Sunday Poetry XXXVI -- Textbook Poetry 3.7

Section VII wore me out.  I was interested for the first six poems, as all were about birds, and I thought perhaps an interesting and perhaps poetic motif might emerge.  Nope.  Just six excellent poems on birds and then – pff! – hodge-podge, and, as hodge-podge goes, bland.  Oh well.  Not bothering with the last poem of the book.  It annoyed me, and it’s long.  Instead three bird poems, all new to me and all quite enjoyable.  (Corbies are crows or ravens, by the way.)

An Approach to Literature
Brooks, Purser, Warren

The Twa Corbies
As I was walking all alane,
I heard twa corbies makin a mane;
The tane unto the ither say,
"Whar sall we gang and dine the-day?"

"In ahint yon auld fail dyke,
I wot there lies a new slain knight;
And nane do ken that he lies there,
But his hawk, his hound an his lady fair."

"His hound is tae the huntin gane,
His hawk tae fetch the wild-fowl hame, 
His lady's tain anither mate,
So we may mak oor dinner swate."

"Ye'll sit on his white hause-bane,
And I'll pike oot his bonny blue een;
Wi ae lock o his gowden hair 
We'll theek oor nest whan it grows bare."

"Mony a one for him makes mane,
But nane sall ken whar he is gane;
Oer his white banes, whan they are bare,
The wind sall blaw for evermair."

The Oven Bird
Robert Frost
There is a singer everyone has heard,
Loud, a mid-summer and a mid-wood bird,
Who makes the solid tree trunks sound again.
He says that leaves are old and that for flowers
Mid-summer is to spring as one to ten.
He says the early petal-fall is past
When pear and cherry bloom went down in showers
On sunny days a moment overcast;
And comes that other fall we name the fall.
He says the highway dust is over all.
The bird would cease and be as other birds
But that he knows in singing not to sing.
The question that he frames in all but words
Is what to make of a diminished thing. 

William Carlos Williams
My townspeople, beyond in the great world,
Are many with whom it were far more
Profitable for me to live than here with you.
These whirr about me calling, calling!
And for my own part I answer them loud as I can,
But they, being free pass!
I remain!

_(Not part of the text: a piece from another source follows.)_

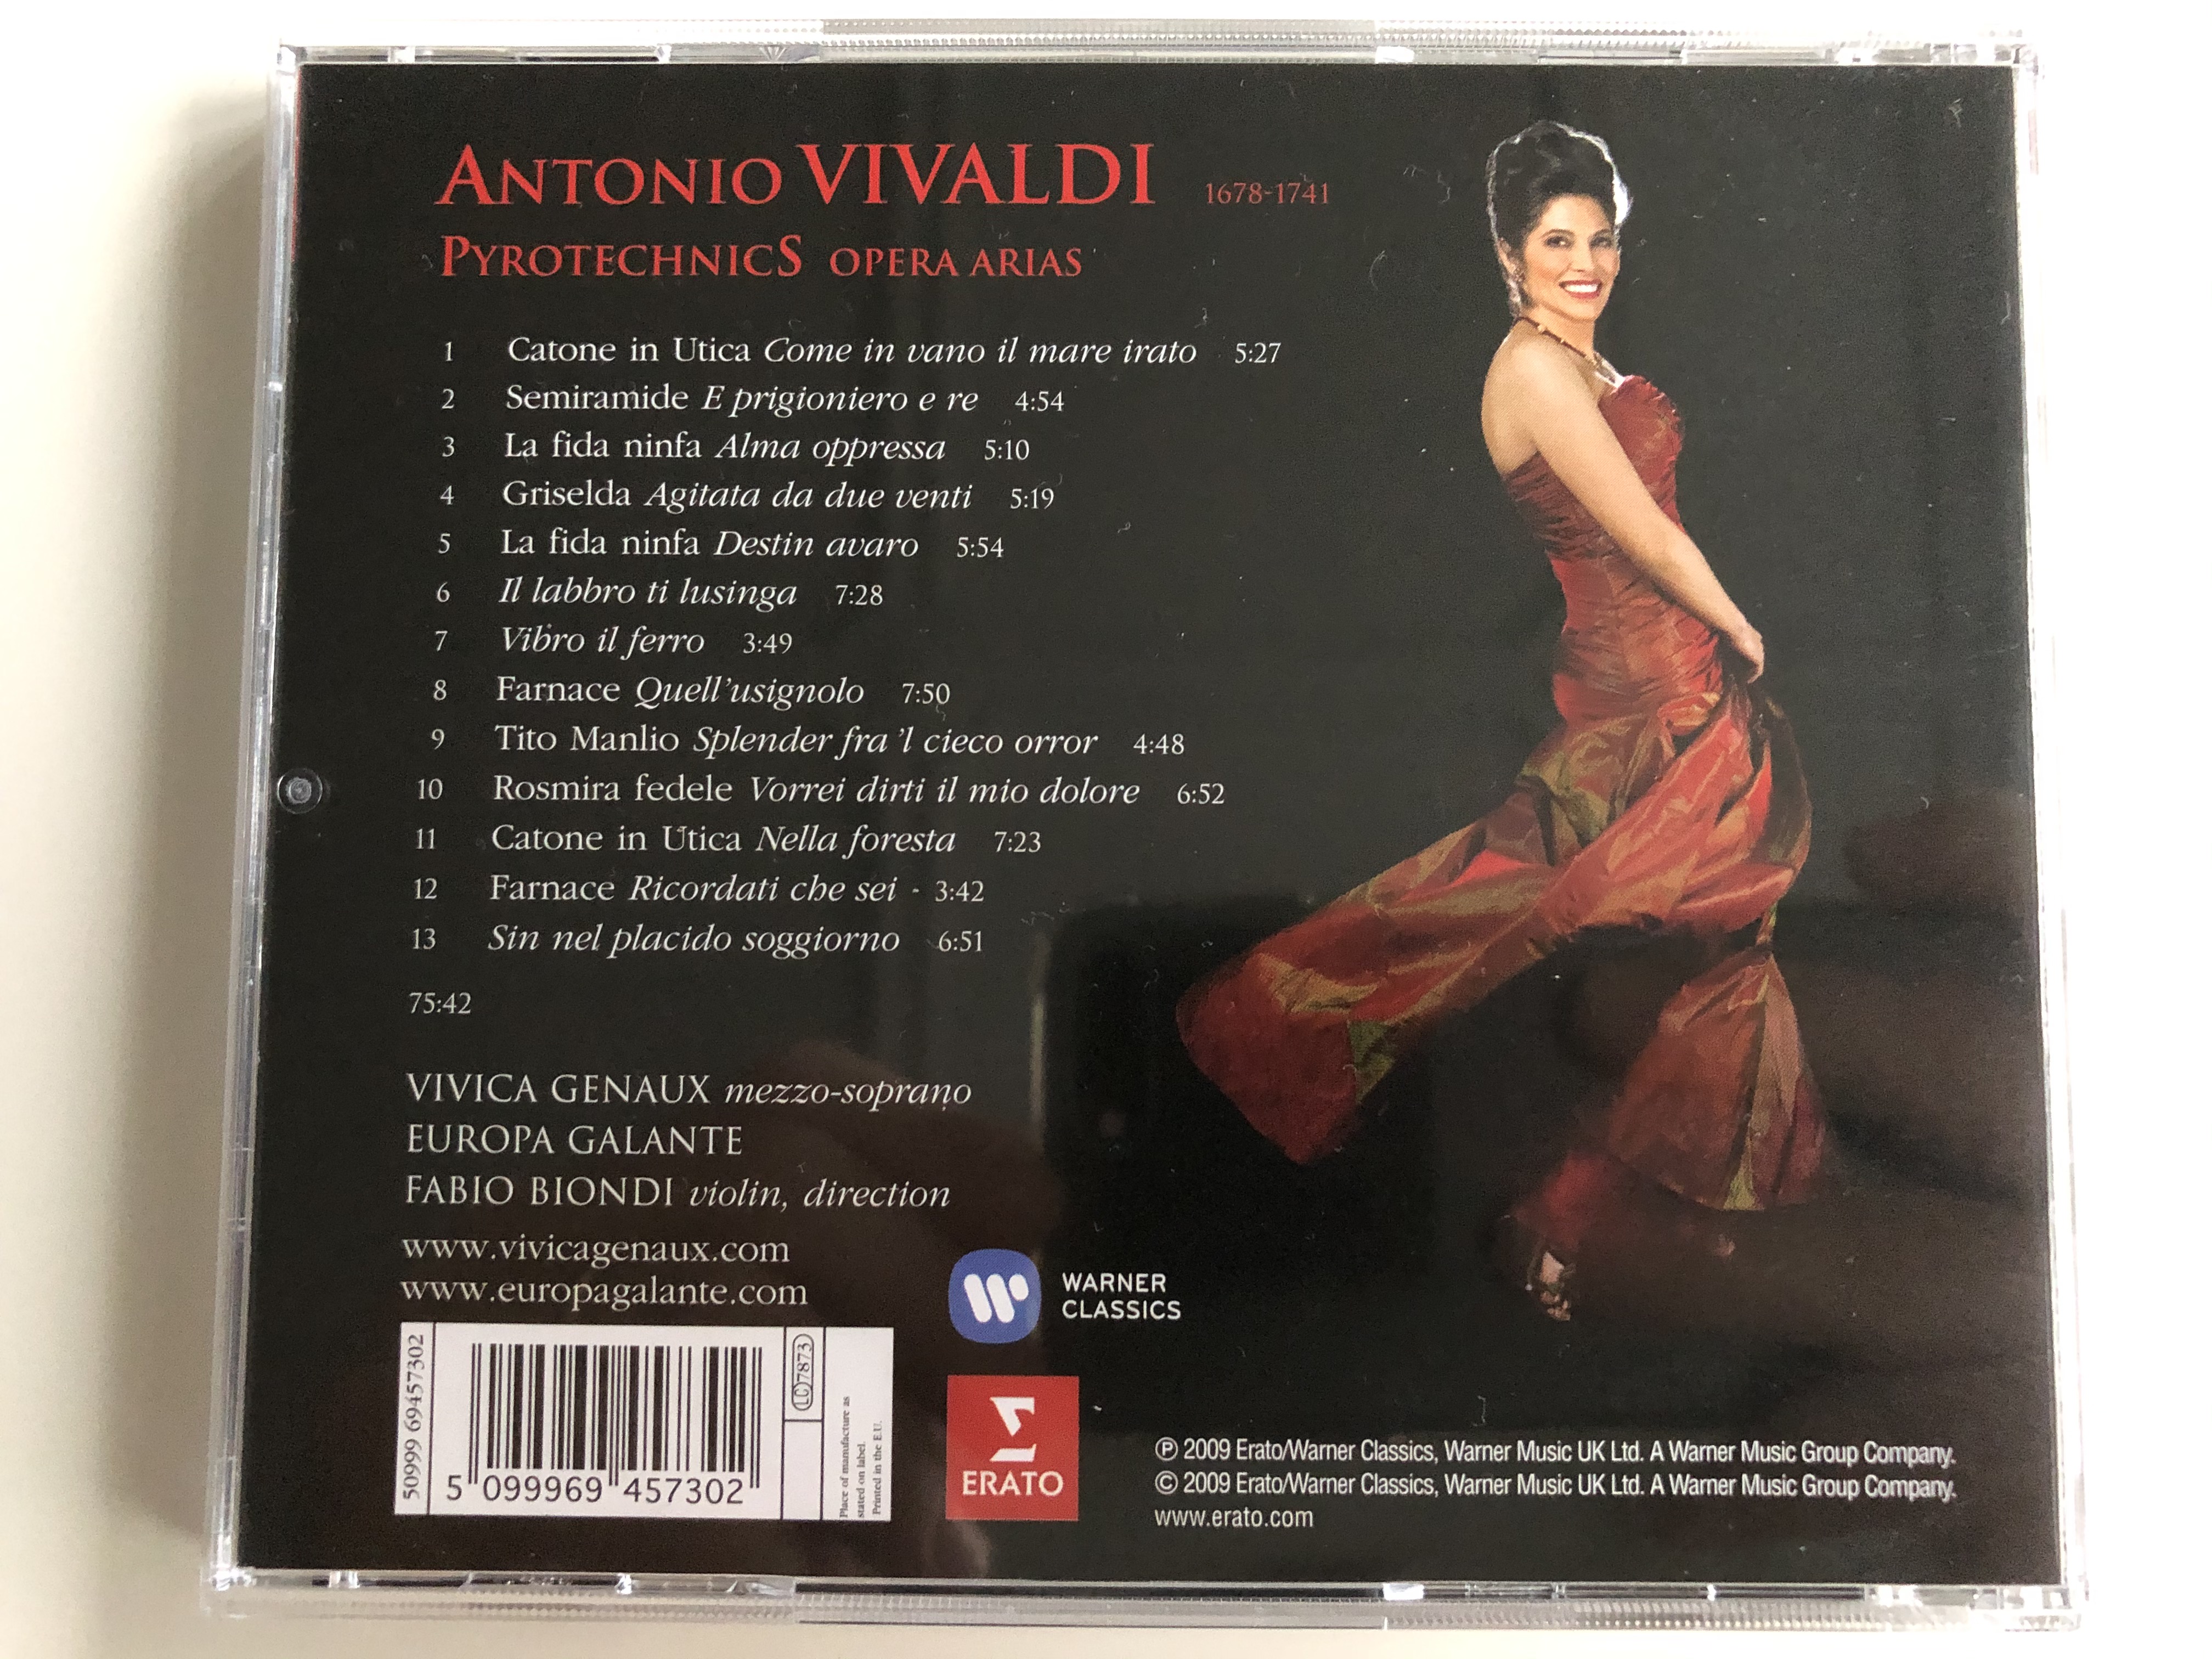 vivica-genaux-vivaldi-arias-pyrotechnics-europa-galante-fabio-biondi-virgin-classics-audio-cd-2009-stereo-5099969457302-10-.jpg

Therefore, listen!
For you will not soon have another singer

First I say this: You have seen
The strange birds, have you not, that sometimes
Rest upon our river in winter?
Let them cause you to think well then of the storms
That drive many to shelter. These things
Do not happen without reason.

And next thing I say is this:
I saw an eagle once circling against the clouds
Over one of our principal churches
Easter, it was a beautiful day!
Three gulls came from above the river
And crossed slowly seaward!
Oh, I know you have your own hymns, I have heard them
And because I knew they invoked some great protector
I could not be angry with you, no matter
How much they outraged true music

You see, it is not necessary for us to leap at each other,
And, as I told you, in the end
The gulls moved seaward very quietly.


  1. "The question ... is what to make of a diminished thing." Can't tell you how many times I've wondered this.

  2. I really love that poem of Frost's--you know, the more I read it.